§ **Available data**:
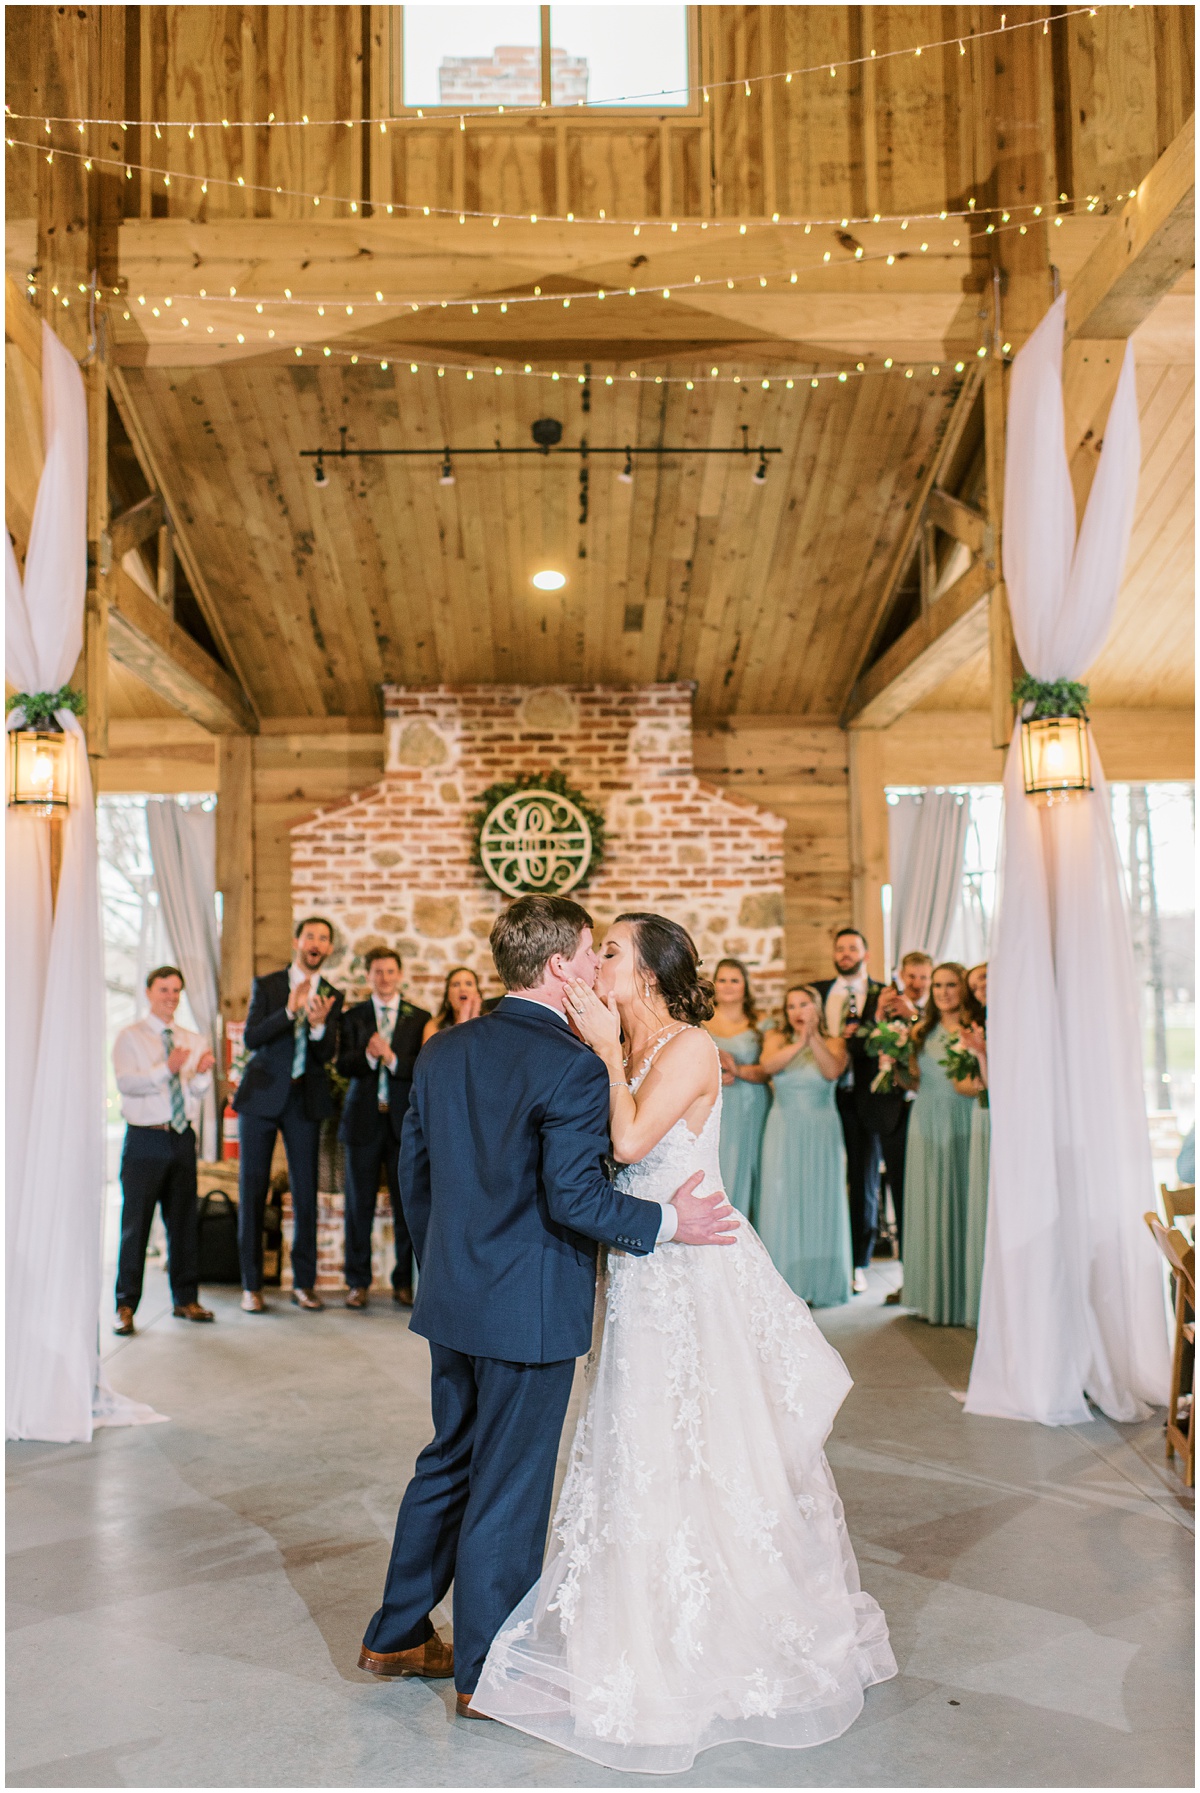 Bride & groom first dance | rustic romantic barn reception
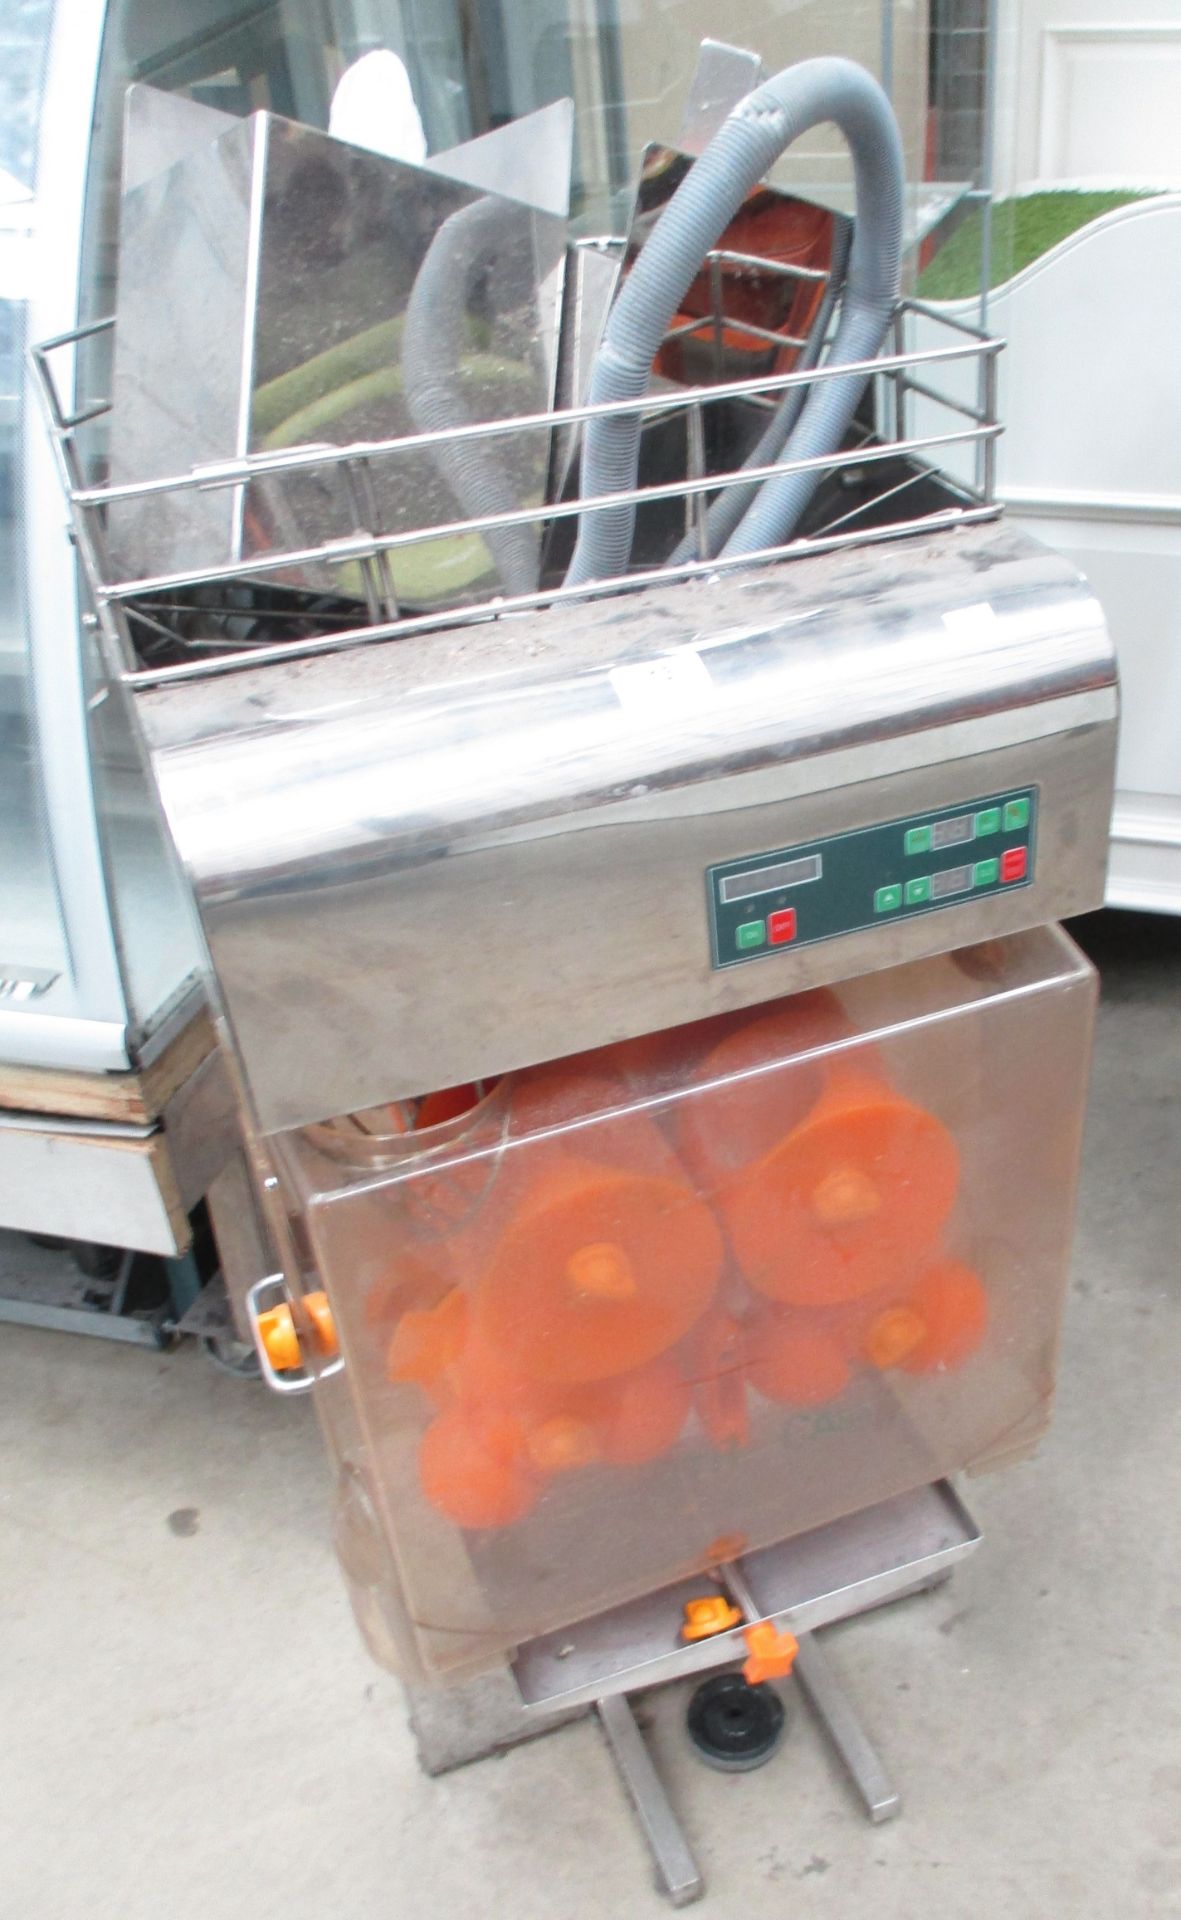 A Citrocasa 700XB stainless steel orange press juice machine - 240v - not working
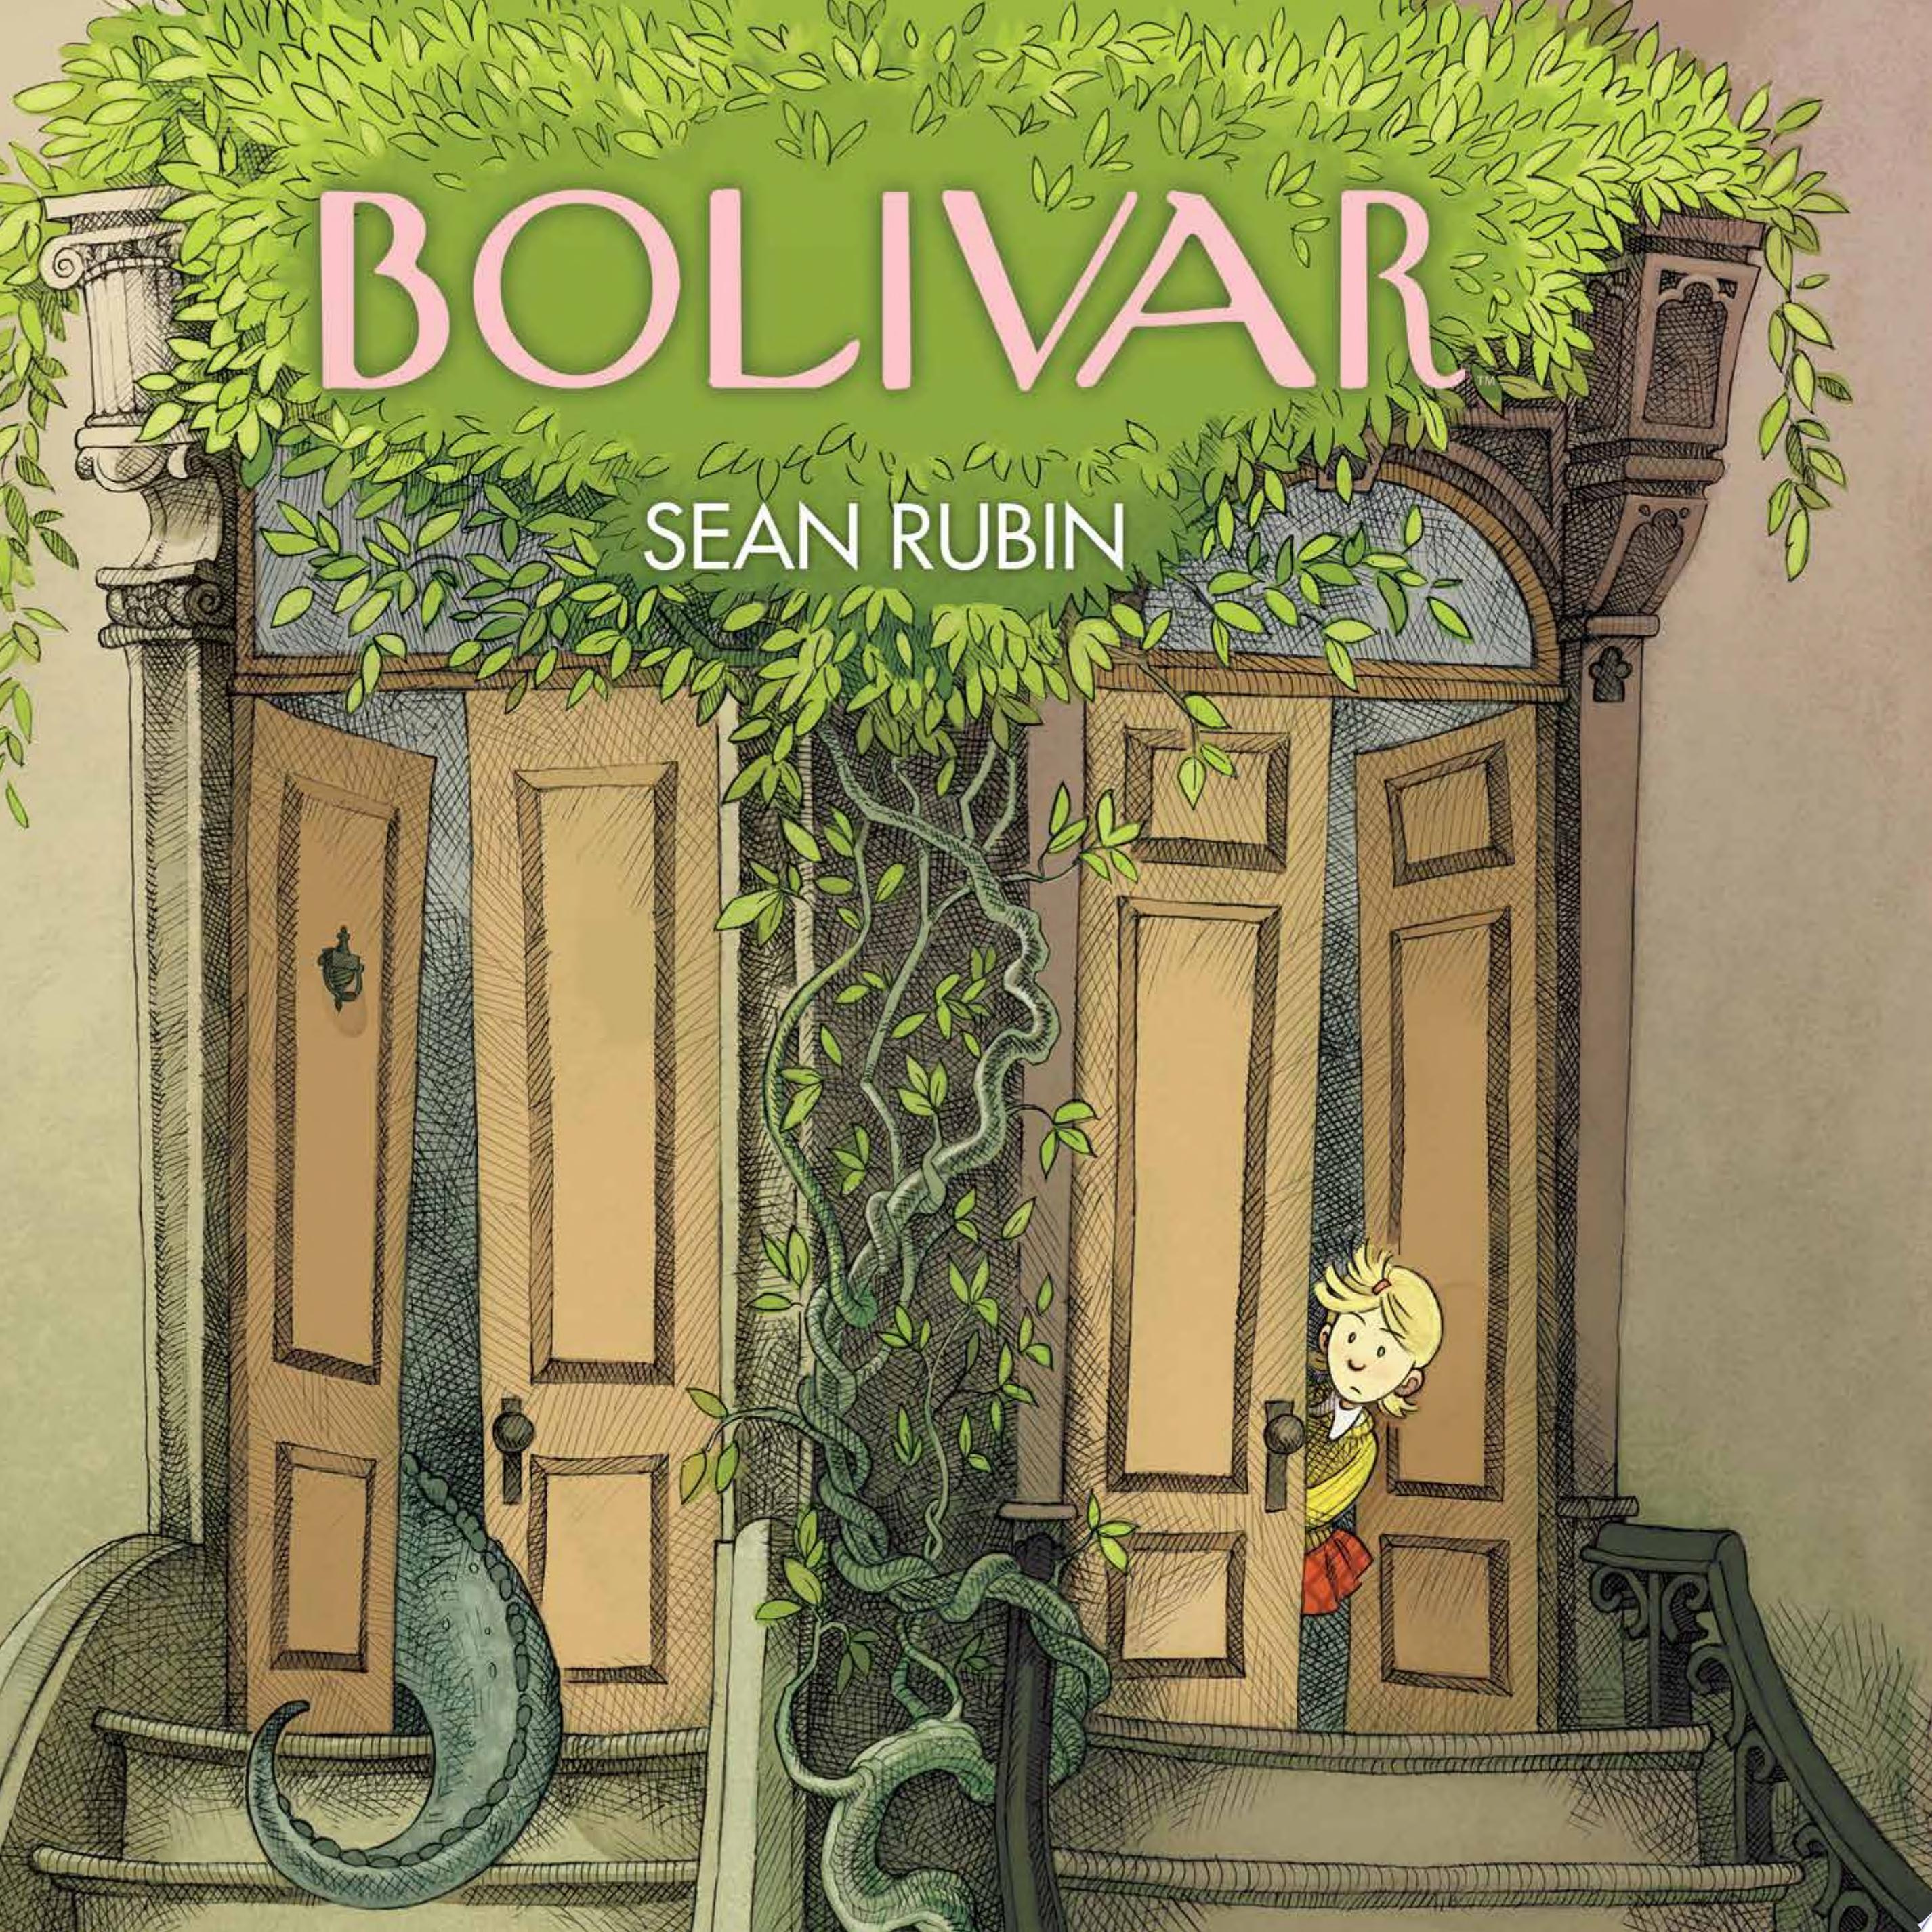 Image for "Bolivar"

§ **How to complete this task**:
Would you give again exactly the lines from the line containing "A Citrocasa 700XB" through the end of the listing, both ends included, without any pictures?

§ **Written solution**:
 A Citrocasa 700XB stainless steel orange press juice machine - 240v - not working
 Image for "Bolivar"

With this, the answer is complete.